An SMTP tarpit is used to catch spammers by slowing down the responses
that the receiving mail server sends back to the sender who is
attempting to connect and send mail. Because spammers typically blast
out unwanted messages in bulk and have many connections to make, waiting
for slow ones can mean lost dollars and they will usually disconnect
rather than wait for responses, said Tobias Eggendorfer, a researcher
with the University of Munich in Germany.
However, this approach to catching spam would mean that anyone trying to
send e-mail to an organization using an SMTP tarpit would have an
equally slow experience, making it an untenable option for most
companies. To overcome that obstacle, Eggendorfer developed an approach
called SMTP tarpitting simulation that uses stuttering, which slows down
a mail server for the first few moments of connection, then returns to
normal speeds, he said.
Spammers are tarpit-aware; they set short time outs and start
disconnecting soon after they believe to be caught in one," Eggendorfer
said. But honest senders would continue to send.

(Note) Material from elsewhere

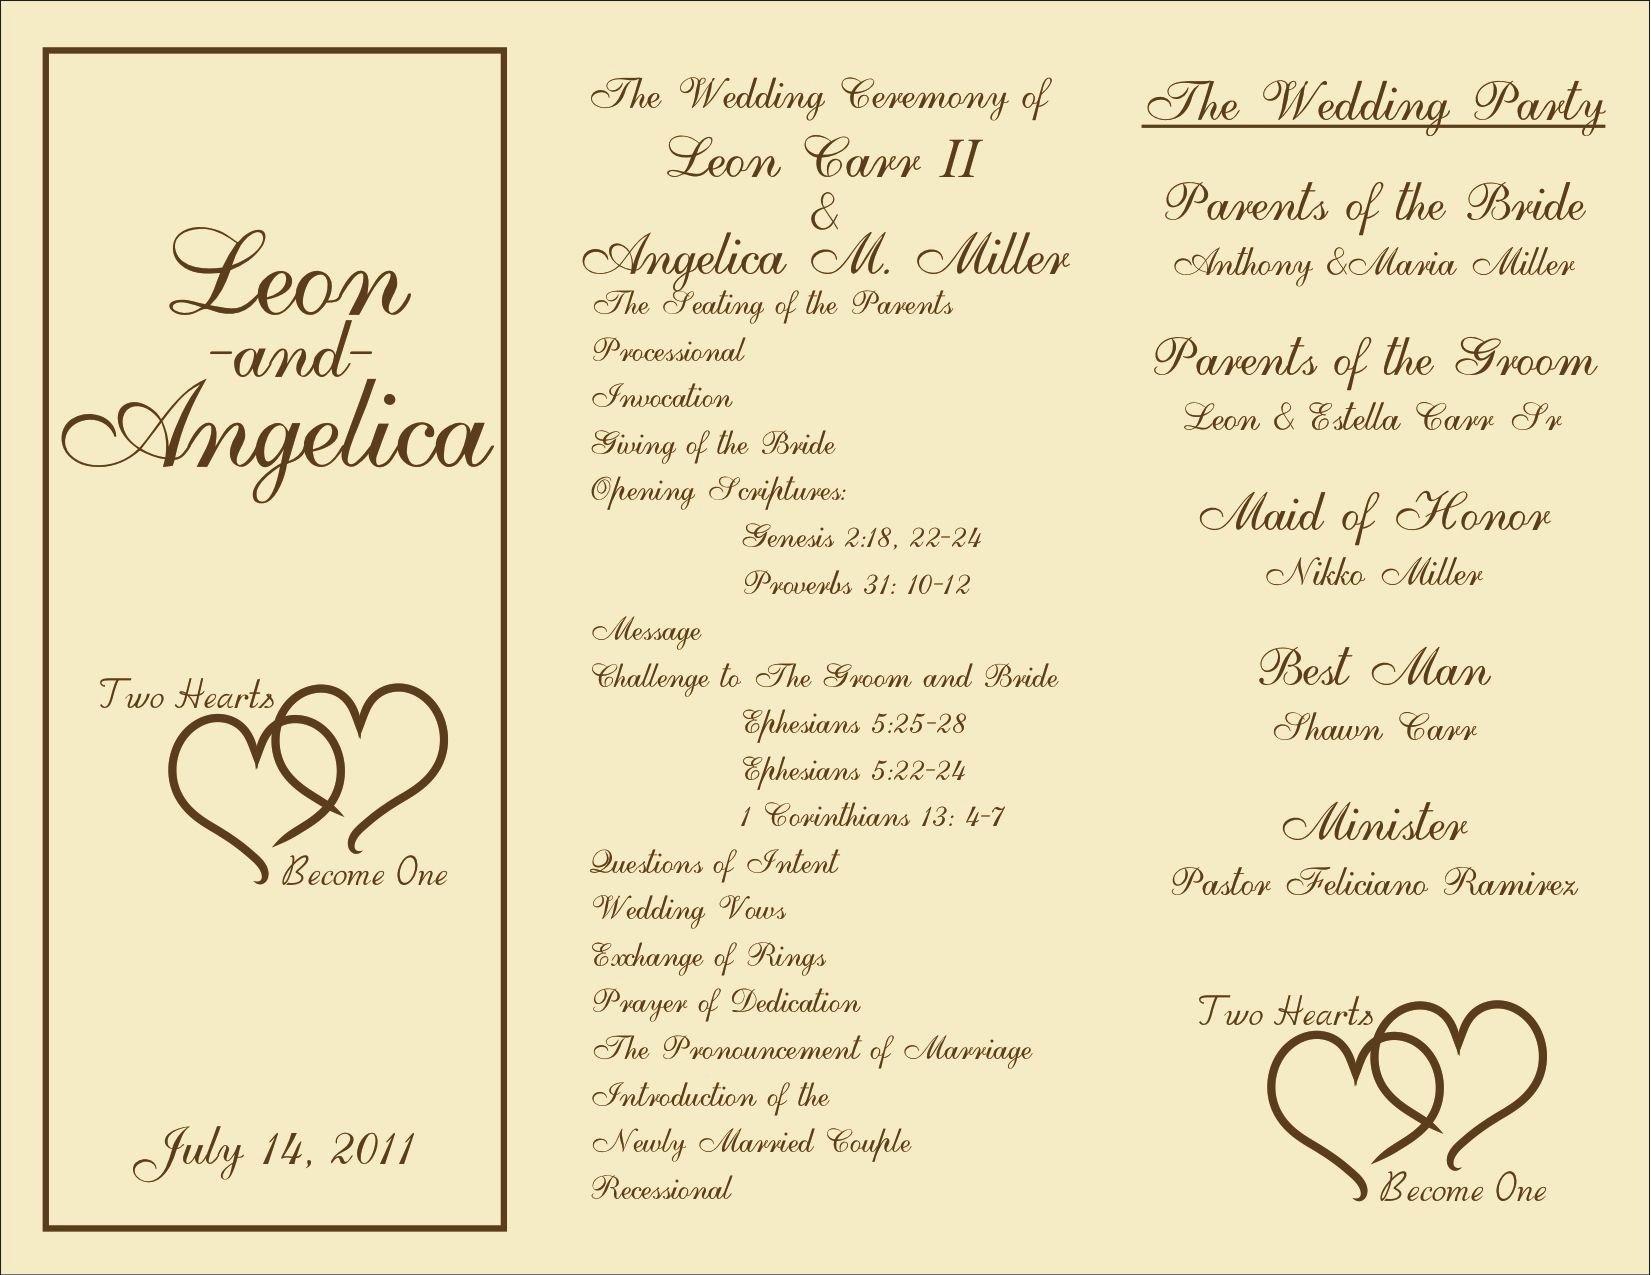 Bridal Shower Program Sample Best Of Printable Wedding Programs On Pinterest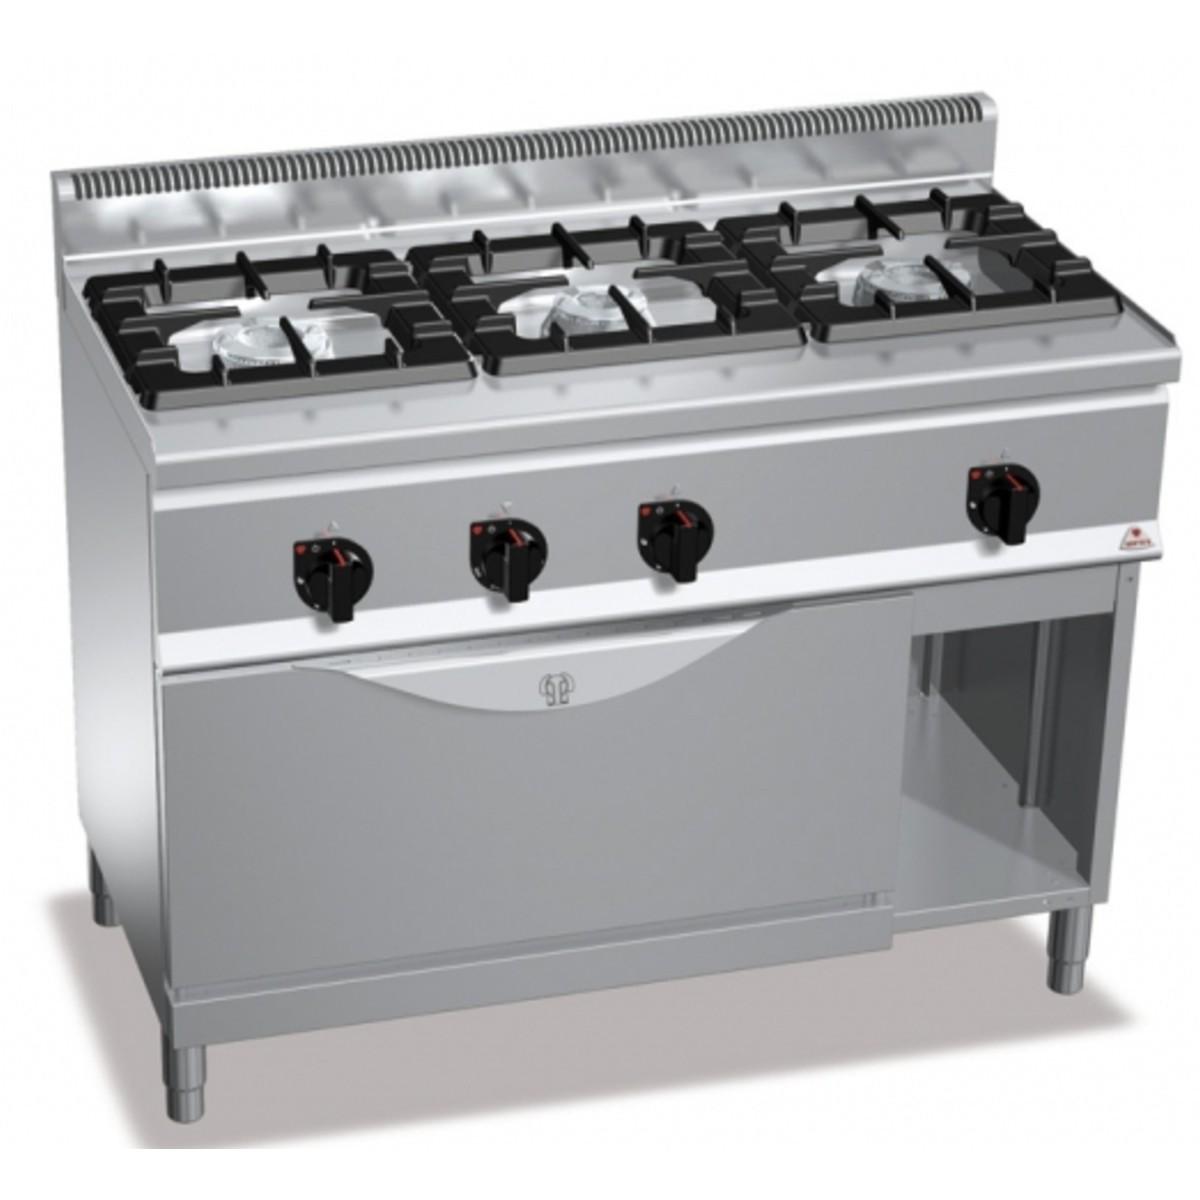 Cocina a gas 3 fuegos horno industrial 1200x600 rog6f3bh12 t for Cocina 6 fuegos industrial

The tarpit simulator Eggendorfer developed, which is implemented on an
SMTP proxy, cuts down spam volume by 80%. It would have to be used in
combination with other spam-catching techniques that would filter the
remaining 20%, he said.
Whats attractive about this technique is that by forcing the spammer to
drop the connection, organizations save on the bandwidth, storage and
processing power needed to implement other types of spam filtering that
require the messages to be received, Eggendorfer said.
Another presenter at the conference discussed the advantages of e-mail
connection management. Ken Simpson, CEO of MailChannels, has developed
software that works with any existing mail system and leverages
reputation and behavior information about senders to allocate connection
resources.
The theory is spammers are impatient, so if you slow them down a bit
theyll go away, Simpson said. Most spammers will give up within 10
seconds of establishing a connection.
MailChannels software relies on sender reputation information to decide
which connections to throttle back, Simpson explained. You cant throttle
everyone, so adding a good reputation component is an important part.